* _Supplied material_:

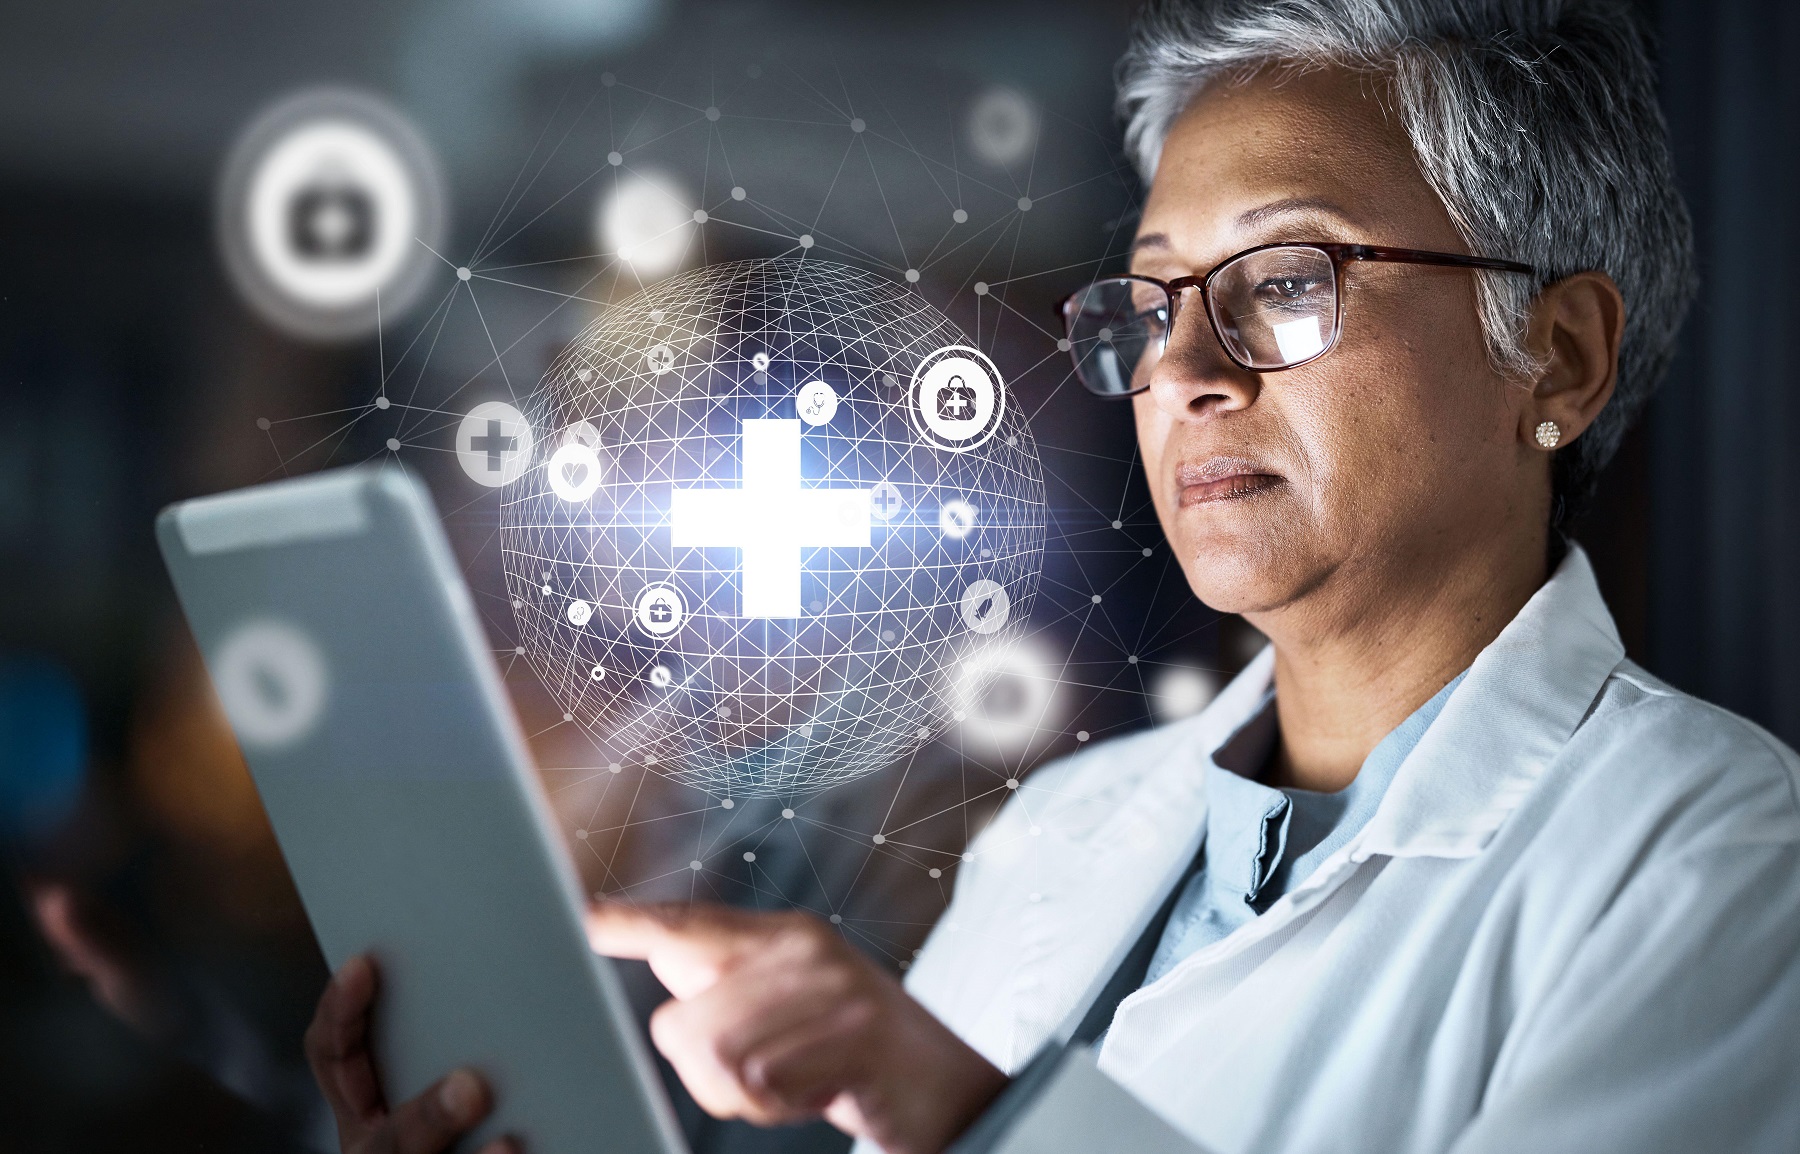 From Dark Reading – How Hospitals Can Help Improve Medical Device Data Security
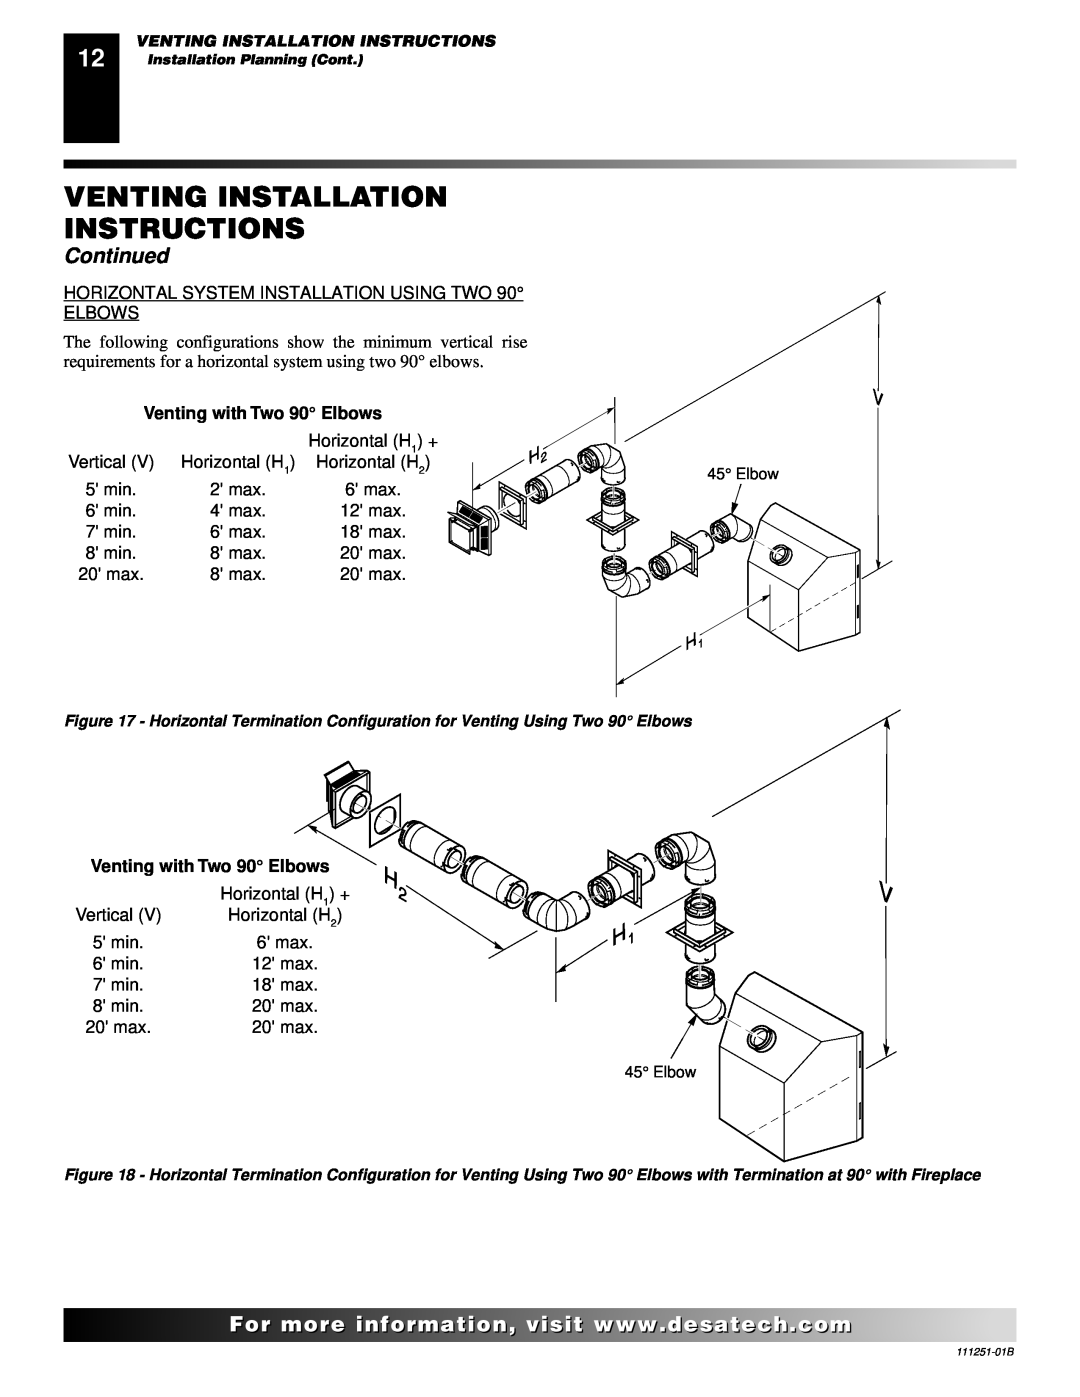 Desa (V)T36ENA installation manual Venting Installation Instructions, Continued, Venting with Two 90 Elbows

...

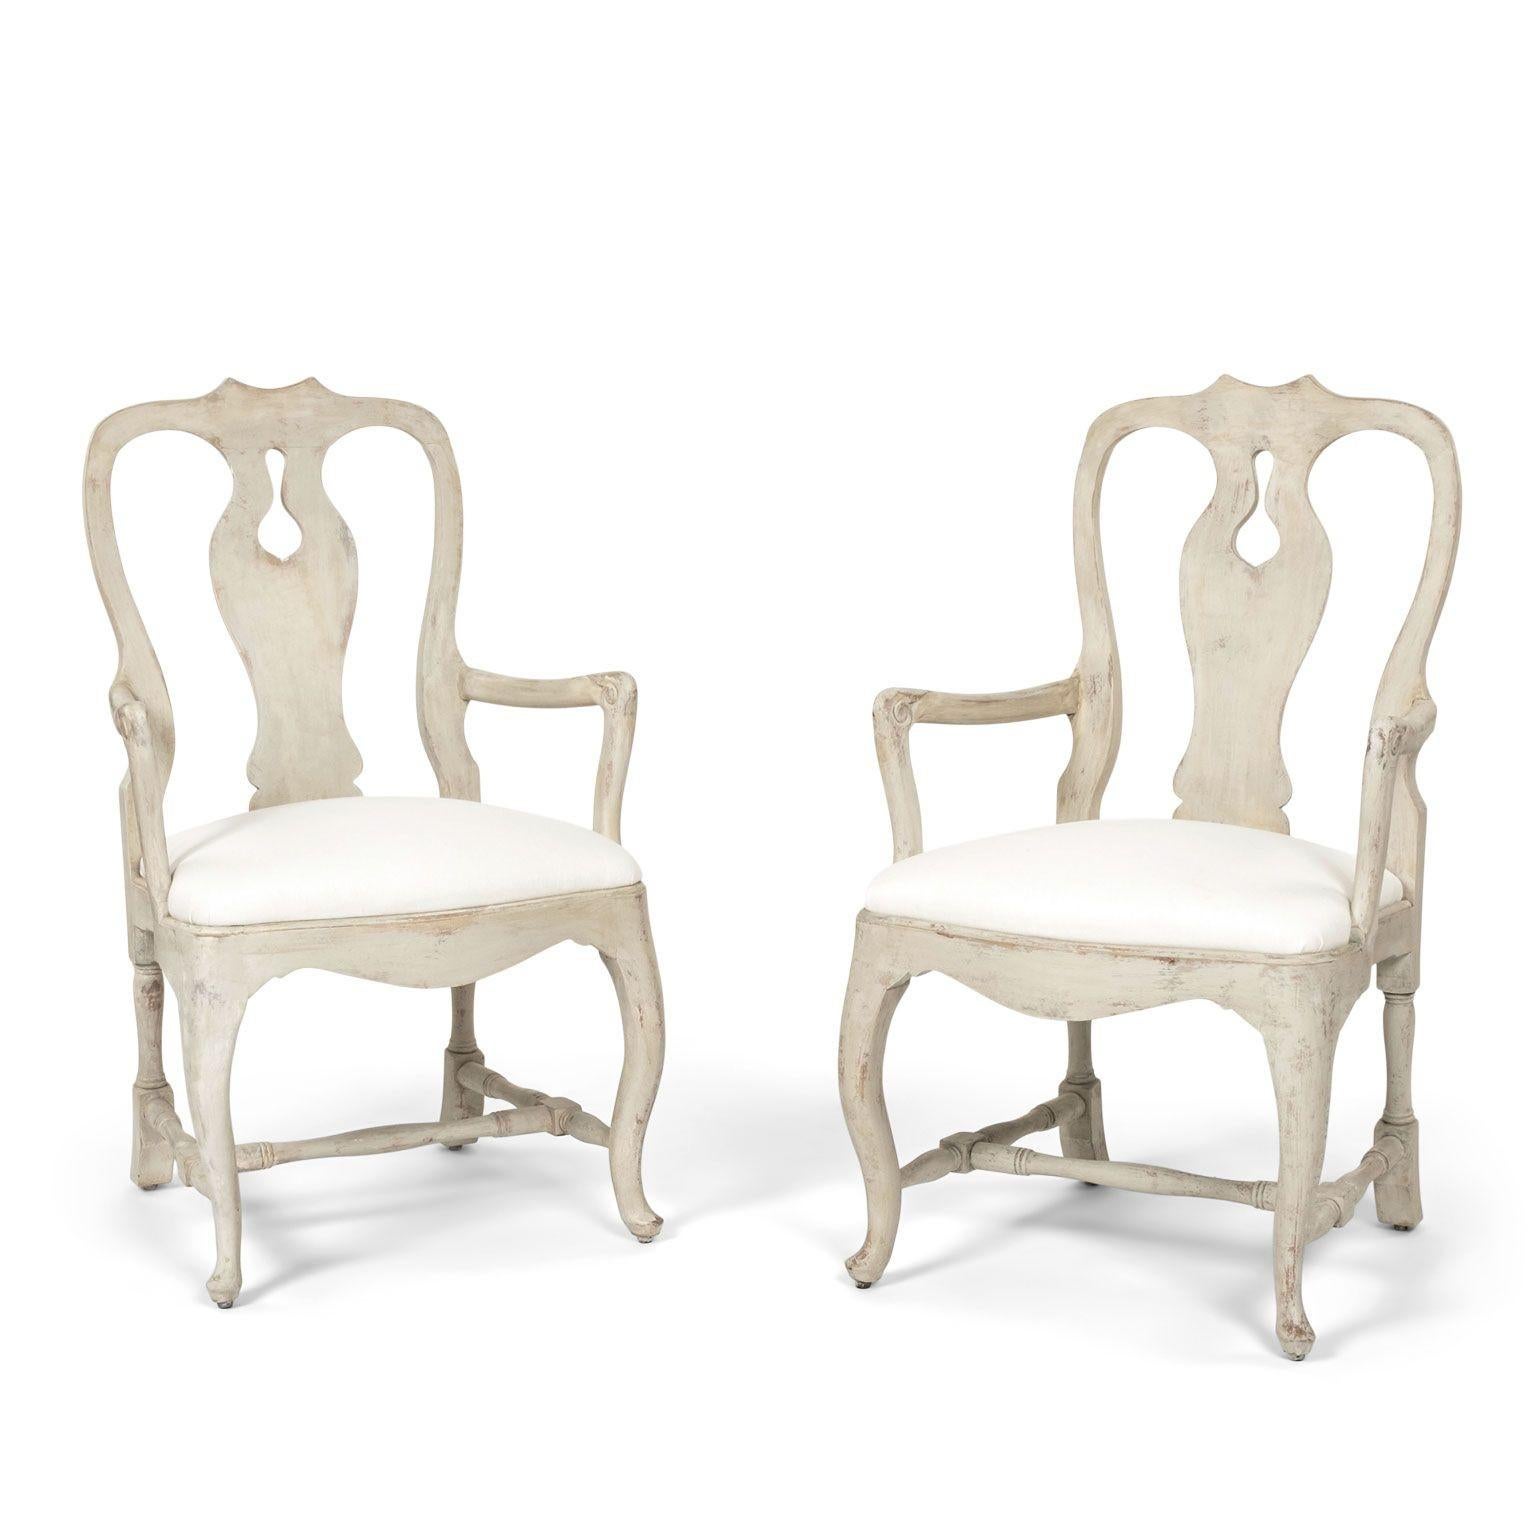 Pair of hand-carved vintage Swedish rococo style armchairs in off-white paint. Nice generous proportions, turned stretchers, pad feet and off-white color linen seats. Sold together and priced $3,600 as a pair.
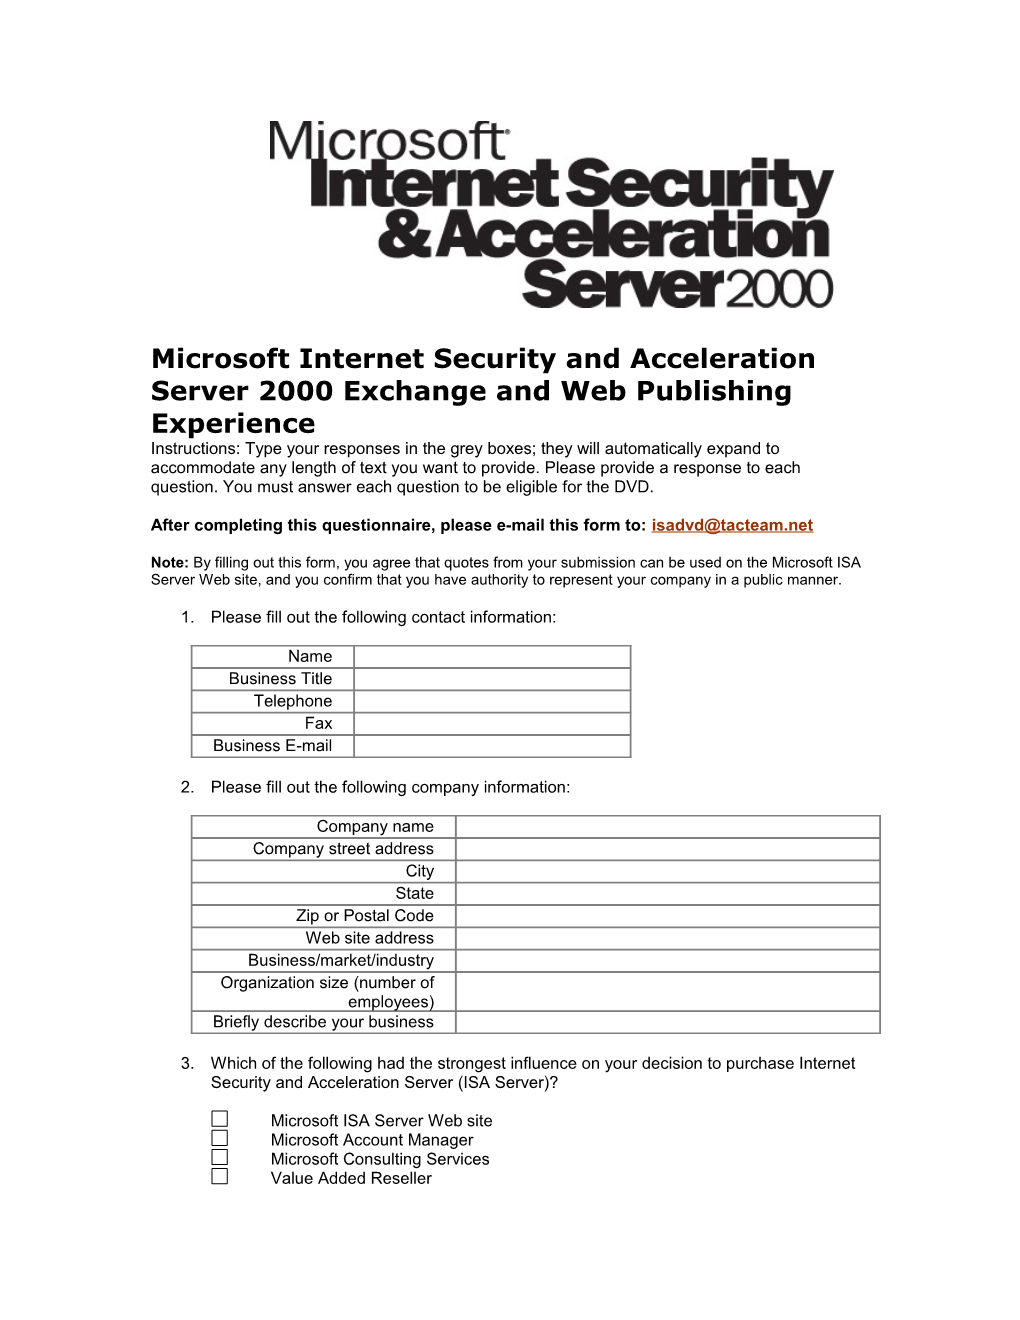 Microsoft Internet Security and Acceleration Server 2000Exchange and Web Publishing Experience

* _What to do_:
Using the data above, which lines fall from the one with "Pair of hand-carved" through the one with "Microsoft Internet Security"? Repeat them exactly, ends included, minus any pictures.

* _Task result_:
 Pair of hand-carved vintage Swedish rococo style armchairs in off-white paint. Nice generous proportions, turned stretchers, pad feet and off-white color linen seats. Sold together and priced $3,600 as a pair.
 Microsoft Internet Security and Acceleration Server 2000Exchange and Web Publishing Experience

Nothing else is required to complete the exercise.